## [Data extracts]
BEGIN

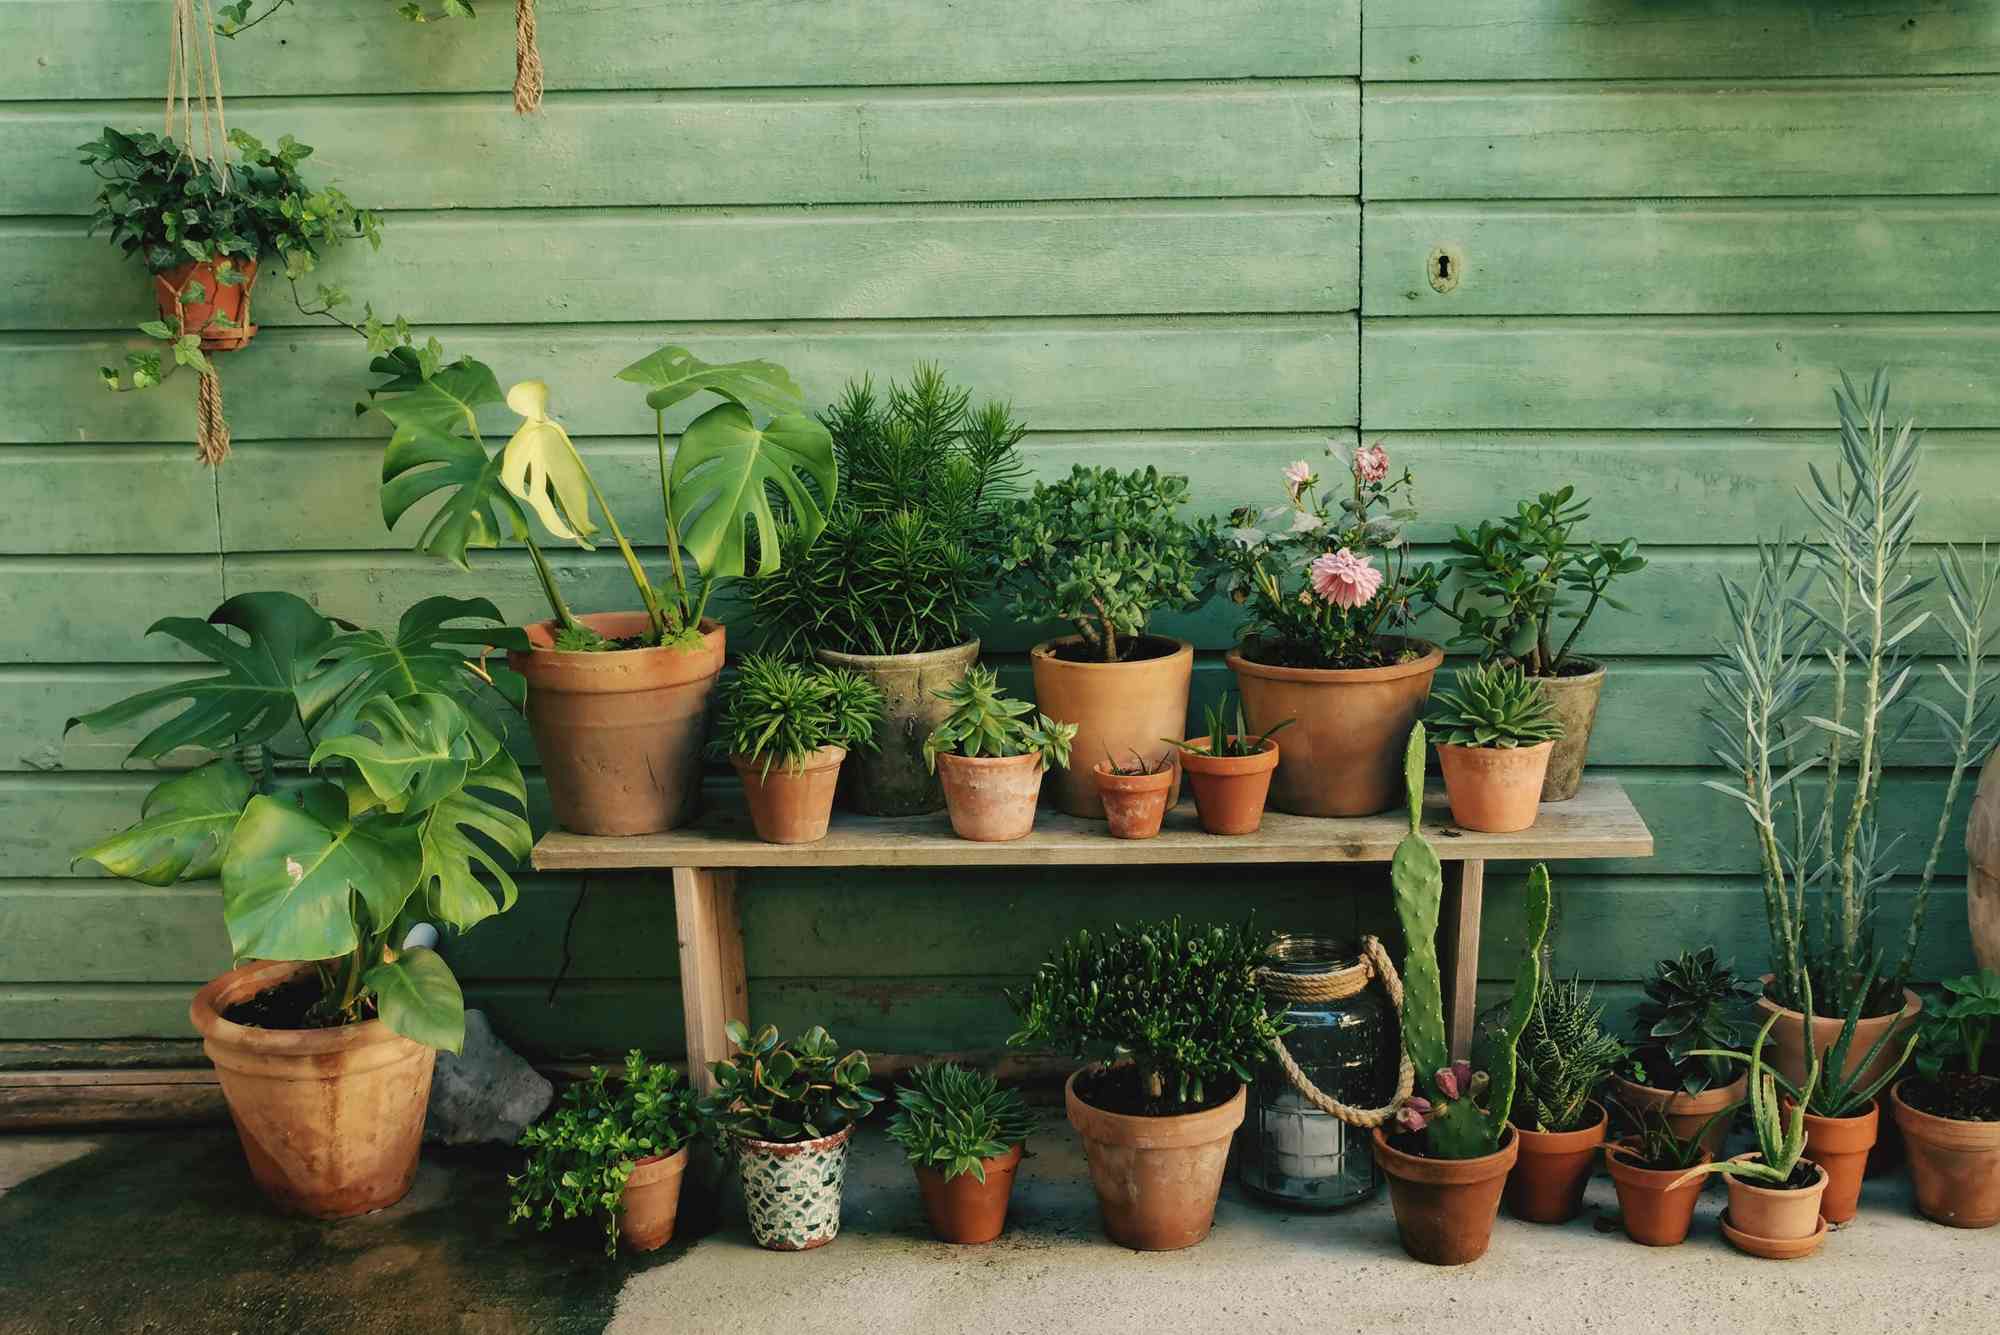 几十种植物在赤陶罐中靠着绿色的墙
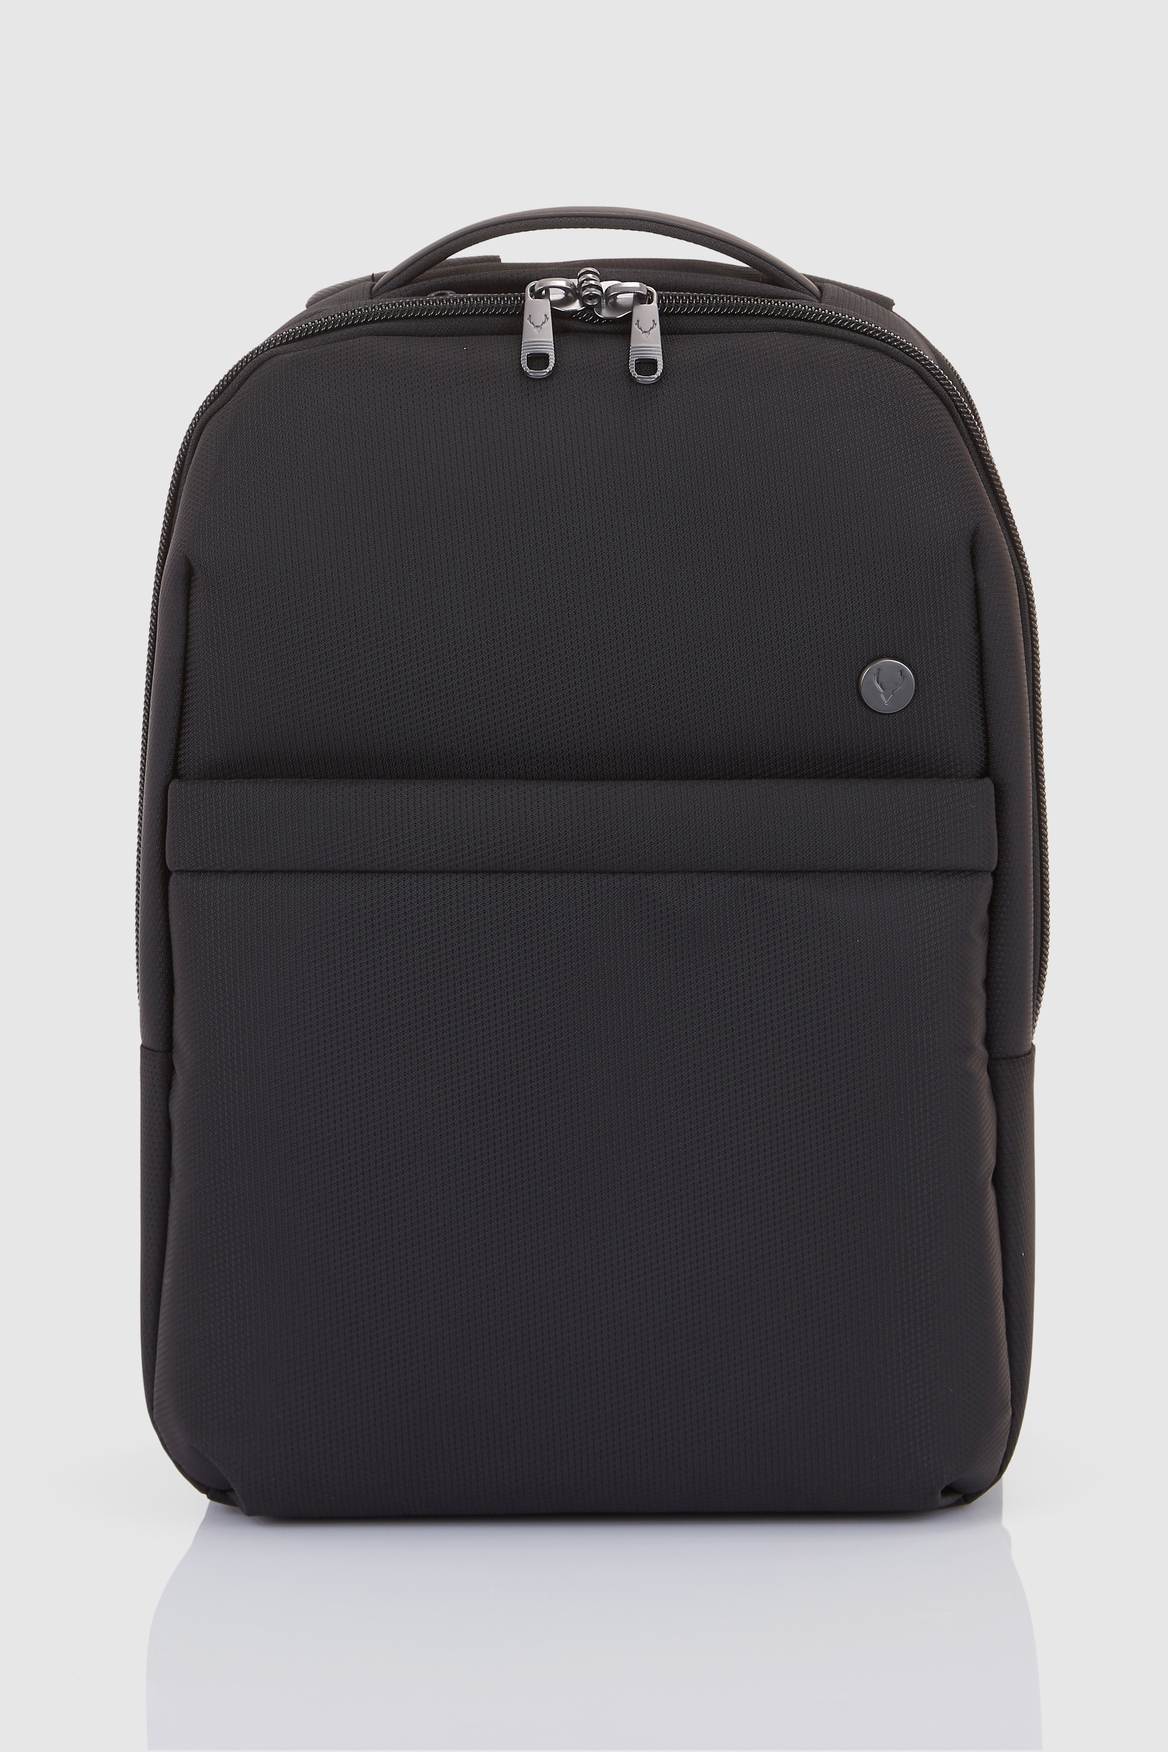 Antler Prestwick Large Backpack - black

END
BEGIN

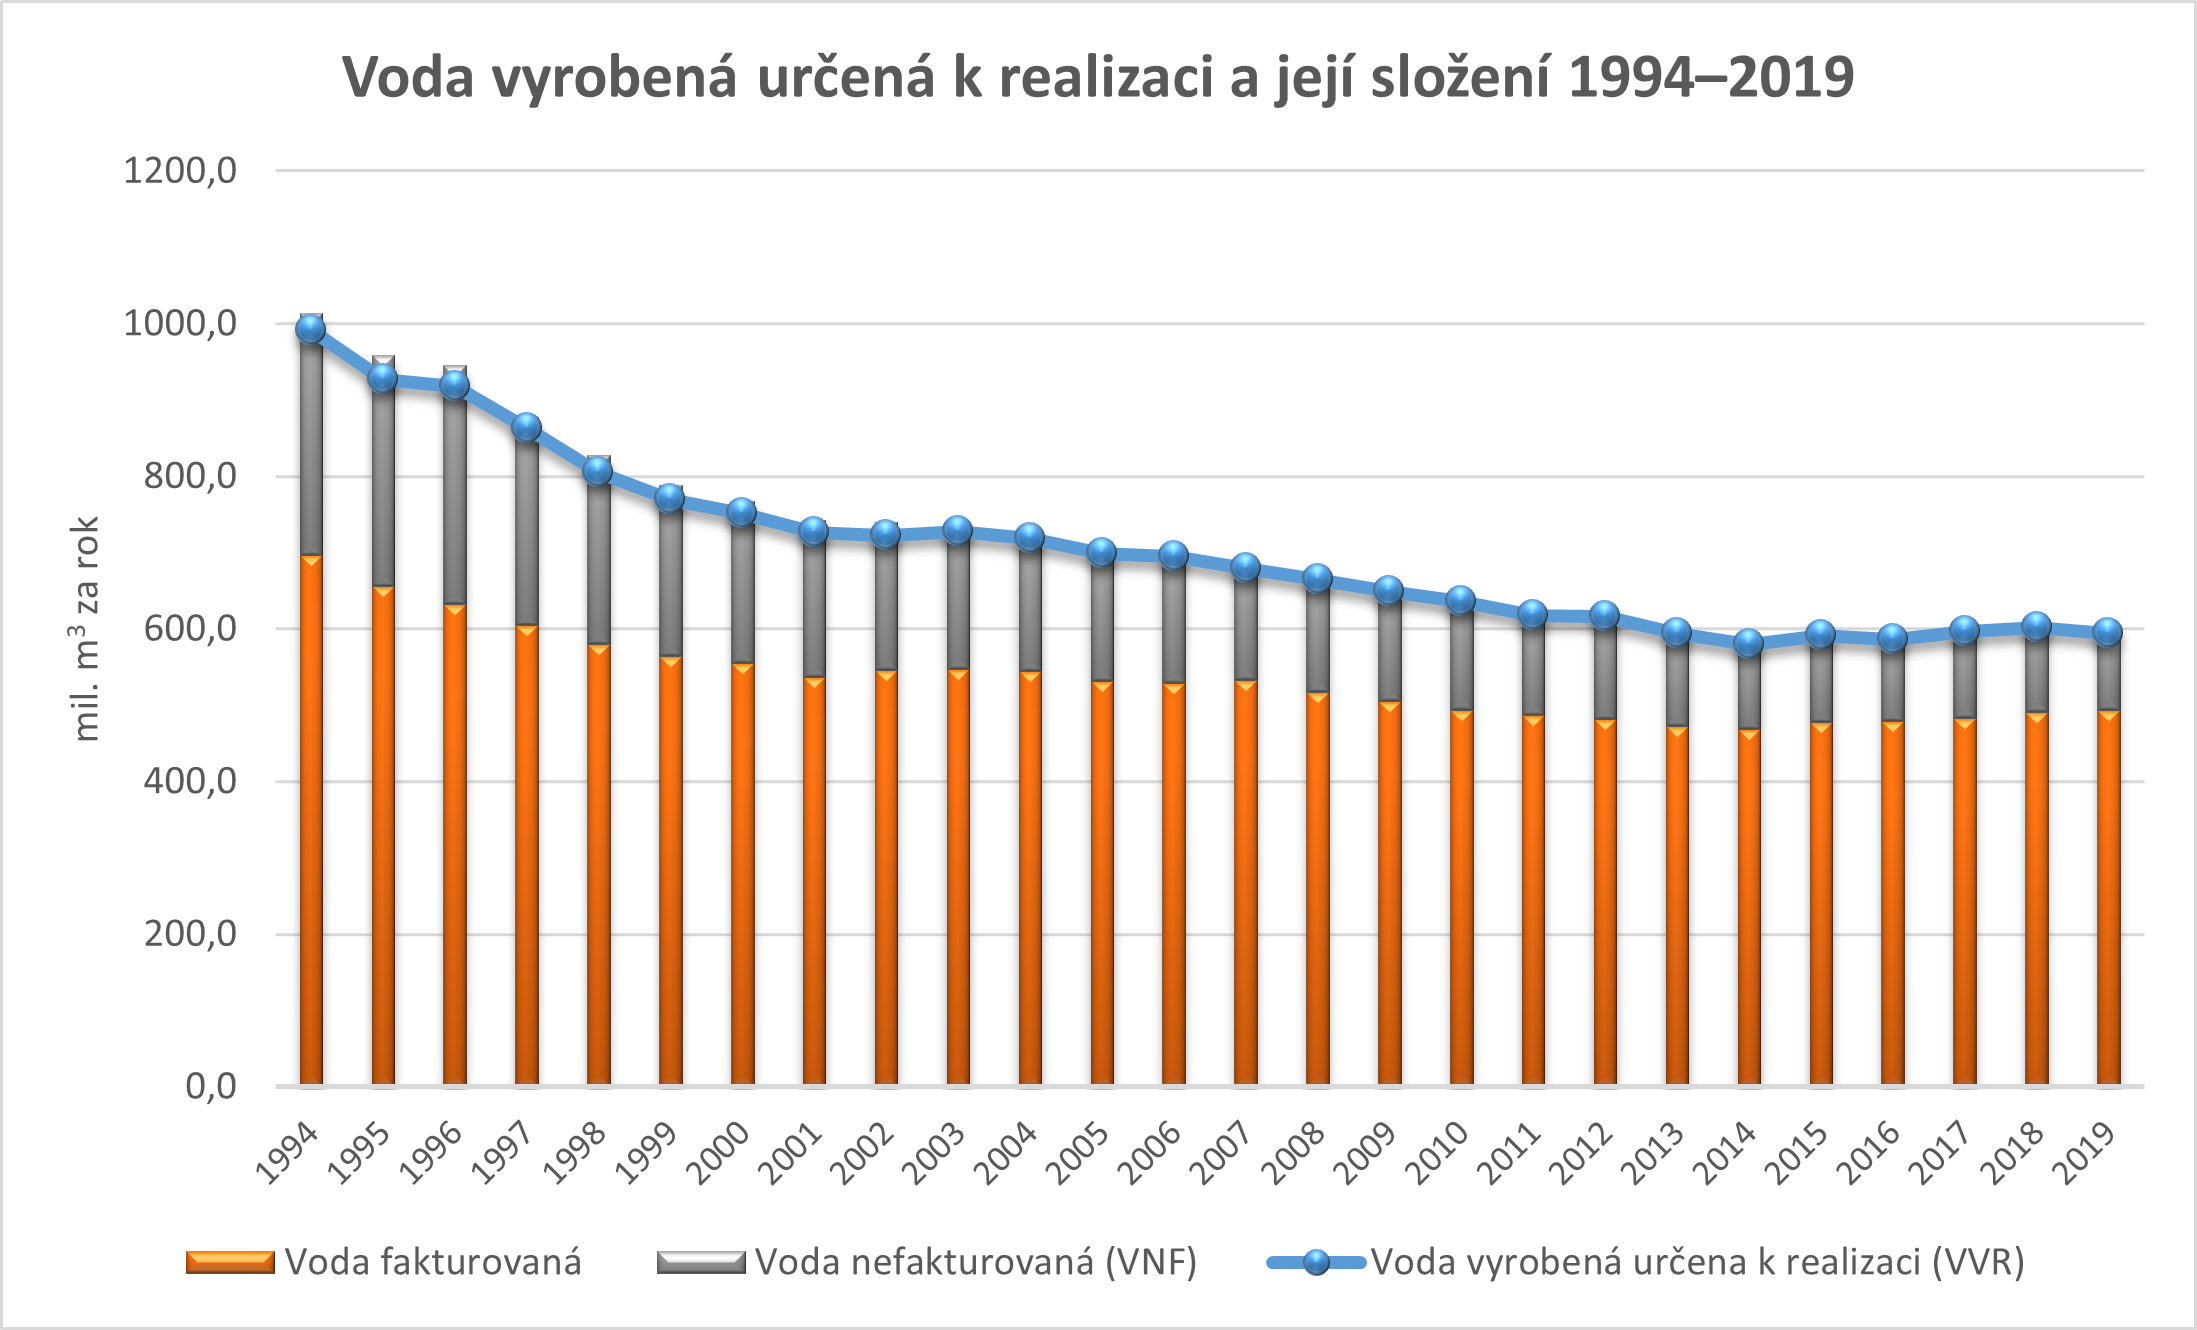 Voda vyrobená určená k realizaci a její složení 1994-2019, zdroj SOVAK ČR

END
BEGIN

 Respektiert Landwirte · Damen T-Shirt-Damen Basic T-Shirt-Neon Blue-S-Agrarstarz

END

## [Problem statement]
Look above for the line containing "几十种植物在赤陶罐中靠着绿色的墙", then write out every line from there down to the line containing "Antler Prestwick Large Backpack - black", that line included, with no pictures.

## [Solution for this task]
 几十种植物在赤陶罐中靠着绿色的墙
 Antler Prestwick Large Backpack - black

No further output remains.